# One big question



## Mantis Lady (Aug 23, 2018)

I had 8 mantids of 3 different species before  I went on vacation. I mean 8 in the week before  we left.  In that week I lost 6 of the 7 mantids to something what I call the "sickness" The day before they seemed fine and the next day they getting restless  (stress?) and they end all with their limbs cramped. I replaced feeders, cleaned their homes. but in  short I had to let the 6 go with pain in my heart. and the 2 survivers  were doing fine.

we had all 2 good weeks with no problems.

we came home and normal life started till this morning: Hunter seemed spooked of something. I saw later a fly. Maybe the fly spooked her. She was doing threat pose and looked very stressed. I decided to cover her home in the hope to calm her down and gave her honey-water  But i was worried if it could be the sickness. I sepparated her home from the others. After my afternoon nap I saw her getting worse. Like the 6 were a few weeks ago.

I found her like this this afternoon:







I gave her some honey-water. She drank it.






Here you can see how the is pose of her legs . Not good.What is going on? I fear I will loose her too. But just gave her honey water and hope she will recover,....

I saved this girl 2x her life, but fear this time I can't save her...


----------



## Synapze (Aug 23, 2018)

Oh no. ? How old is Hunter?


----------



## Mantis Lady (Aug 24, 2018)

Think she is 2 months old as adult now. not Old.

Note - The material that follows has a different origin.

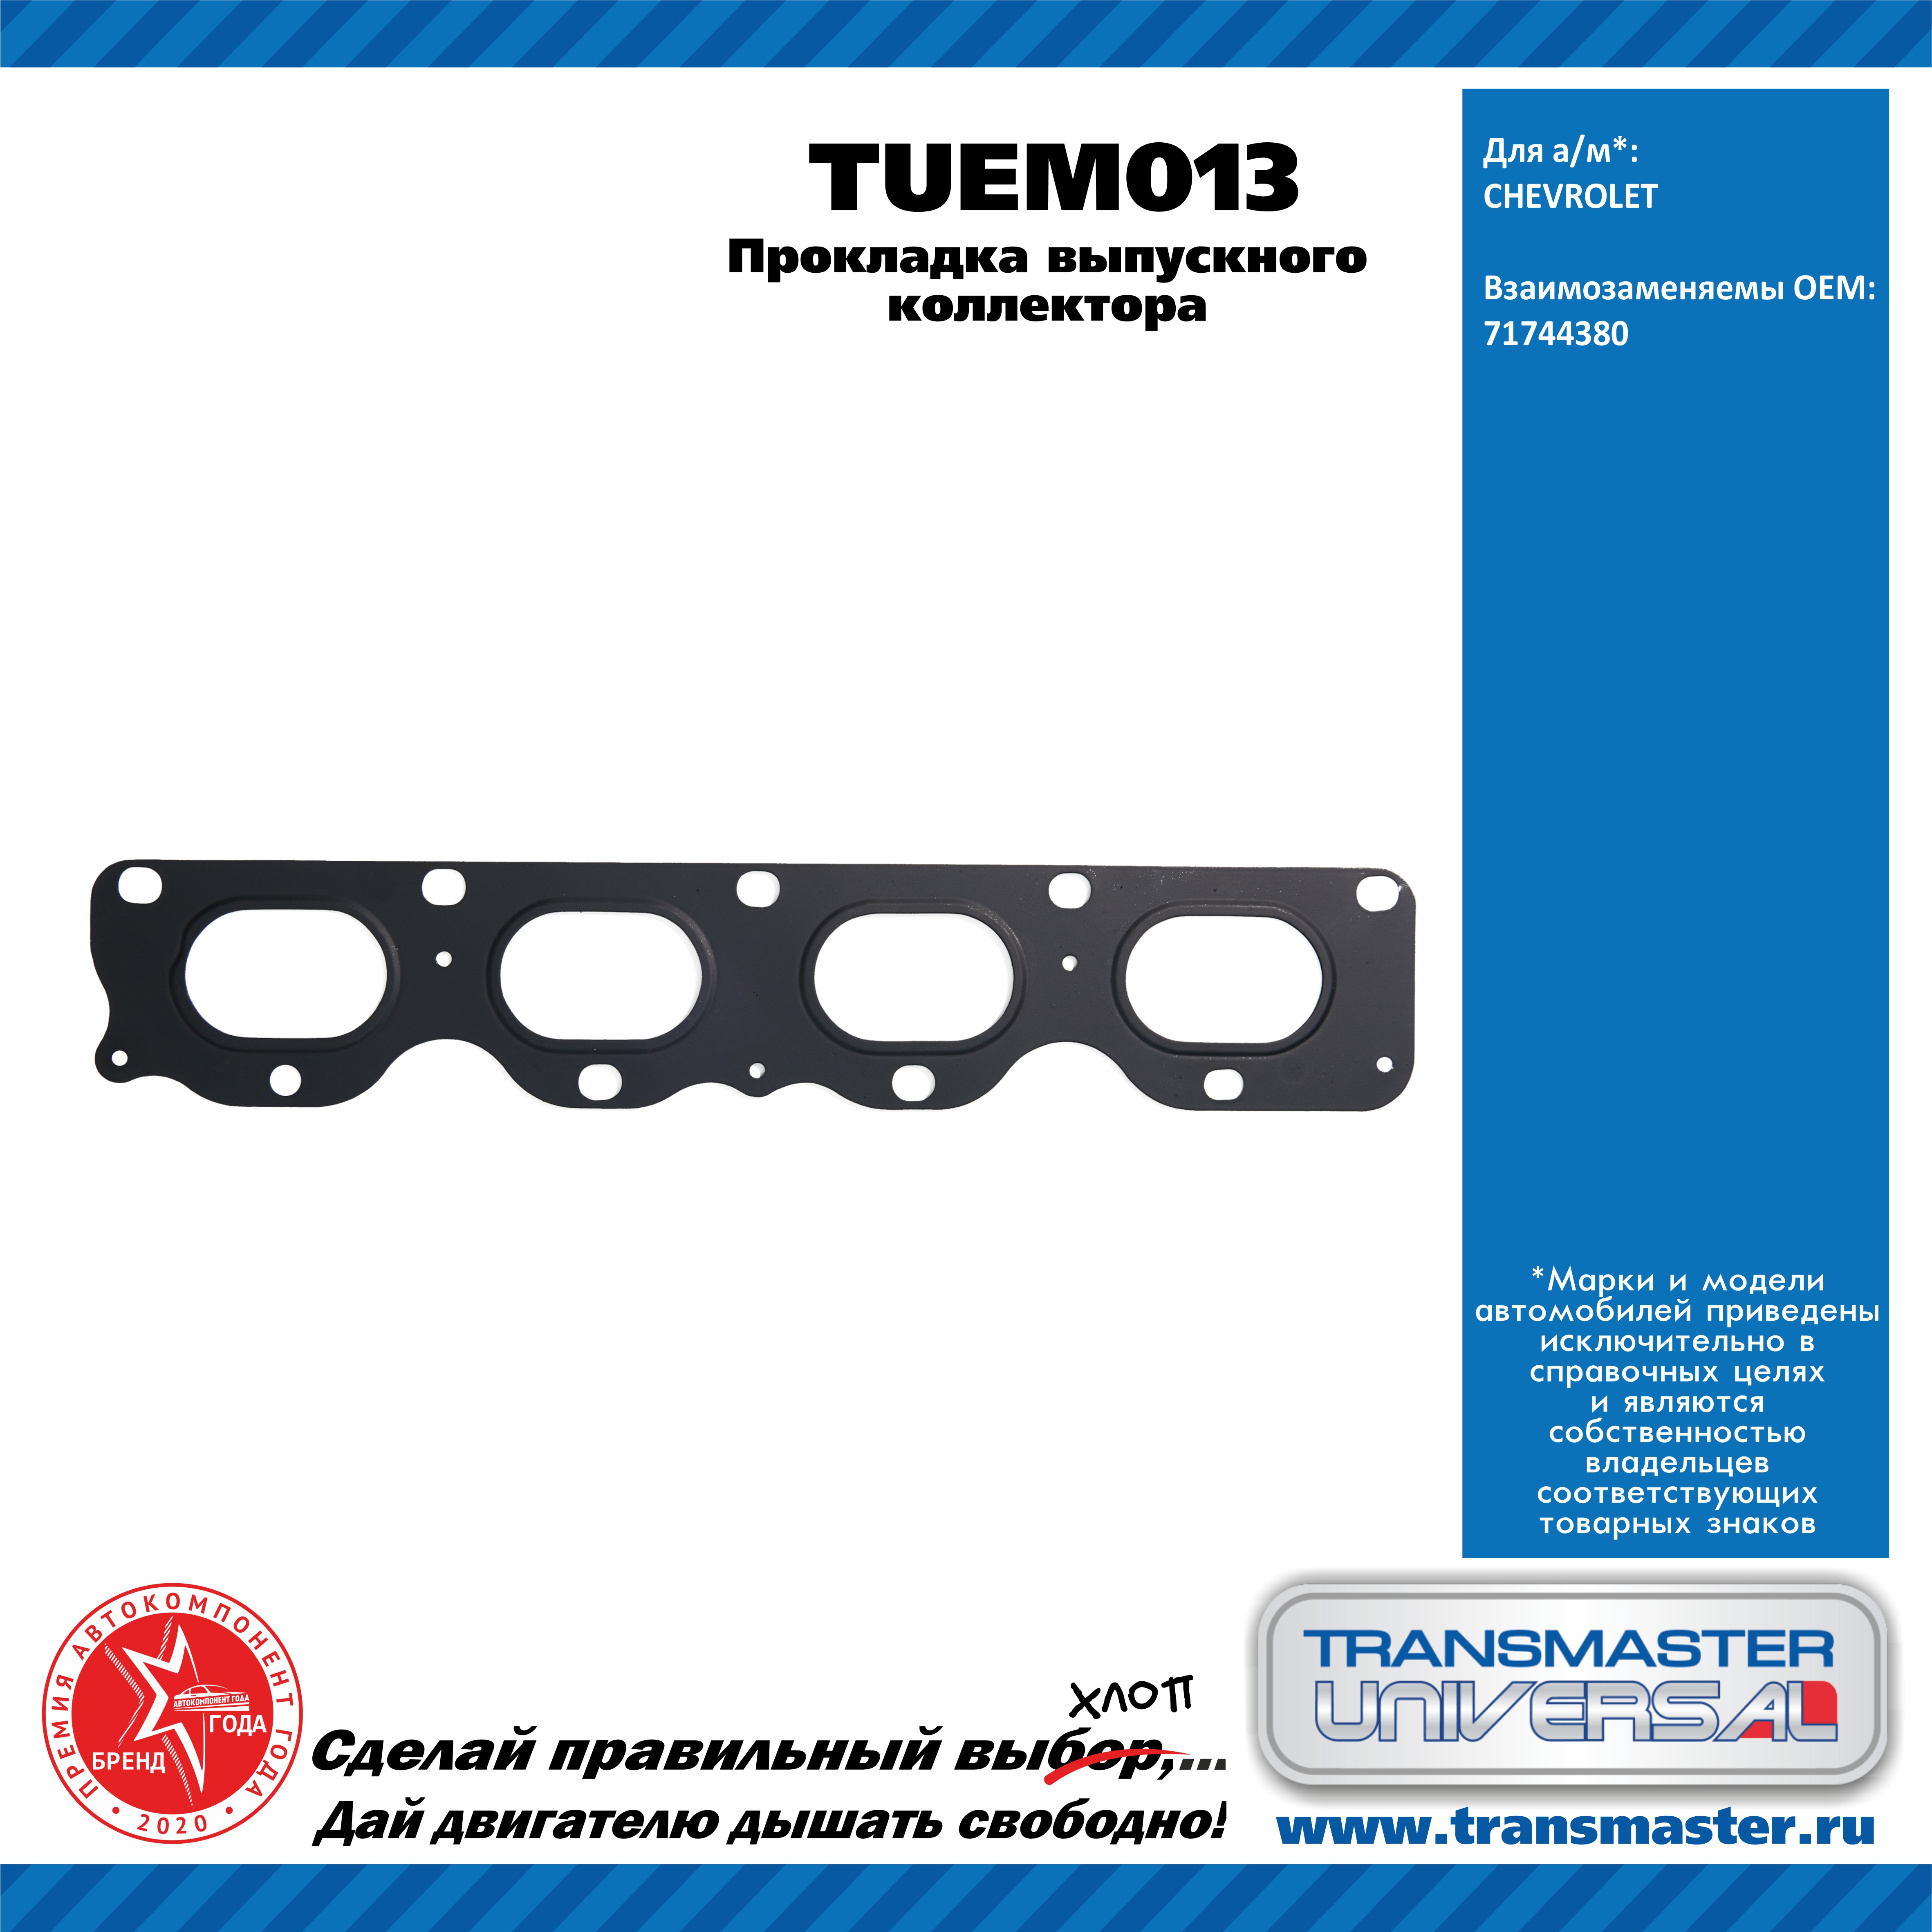 Прокладка выпускного коллектора chevrolet - TRANSMASTER UNIVERSAL TUEM013

I found her in the same position like in pic 2. I am really worried... has someone seen this before with the symtomes I have described?


----------



## Mantis Lady (Aug 25, 2018)

It is affecting feeders too: found a few crickets behaving like Hunter and the old ones. I made a video of to so you can see the symptones:



The grasshoppers seem unaffected. Sad thing is, I see Ashoka behaving differently too. Think I should remove the crickets, maybe the others are infected too but not visible yet.

I don't get it.... I hate this. had to let hunter go, honey gave no improvement...

Feeling bad right now.


----------



## Mantis Lady (Aug 25, 2018)

I will add this vid again: Flash was the first who got it. At first they stop eating. Think that is first. Then they acting spooked. and in the end they cramps....



I do'n't know what it is, still the big qestion. But I will leave here as much information as i can...


----------



## Synapze (Aug 25, 2018)

Is it possible that some type of toxin has entered your home?

If you have the option it would probably be best to dispose of all crickets. They are obviouly sick and/or poisoned.


----------



## Mantis Lady (Aug 25, 2018)

> If you have the option it woul﻿d probably be best to dispose of all crickets.


I have put the crickets in the freezer. Ashoka is gone too. She was barely alive when I found her  This afternoon she was standing on her legs but spooked. and now she in in freezer too.

I fear for the 3 little ones  If I new the "sickness" was still in my home, i would't have bought the new ones.



> Is it possible that some type of toxin has entered your home? ﻿


Like what? Do you have an idea? I have no clue. Thinking about a virus that came into my home that effects insects. (grasshoppers seems all fine and they were bought on the same day as the crickets.) Hubby has no clue either.

I won't buy any mantids till I know the "sickness" is out of my home. it is terrible to loose your pets to this. Dying of old age is ok, but not this.


----------



## Synapze (Aug 26, 2018)

Have any pest control products (or disinfectant sprays, room deodorizers, aerosol sprays) been used in or near your home recently? Any neighbors having pest control performed or lawns sprayed? I ask because where I live a county truck drives through the neighborhood on a routine basis spraying a cloud of pesticide to control the mosquito population... unfortunately it kills much more than just the mosquitoes and I get worried every time I hear the truck. Have you used any types of real plants in the enclosures recently? Especially chrysanthemums as they can be deadly to invertebrates. Have you started using any new cleaning products recently? Perhaps the crickets were exposed to some type of chemical toxin? I've seen what toxic exposure does to the central nervous system of invertebrates and it looks very similar. As far as viral possibilities, I have no knowledge.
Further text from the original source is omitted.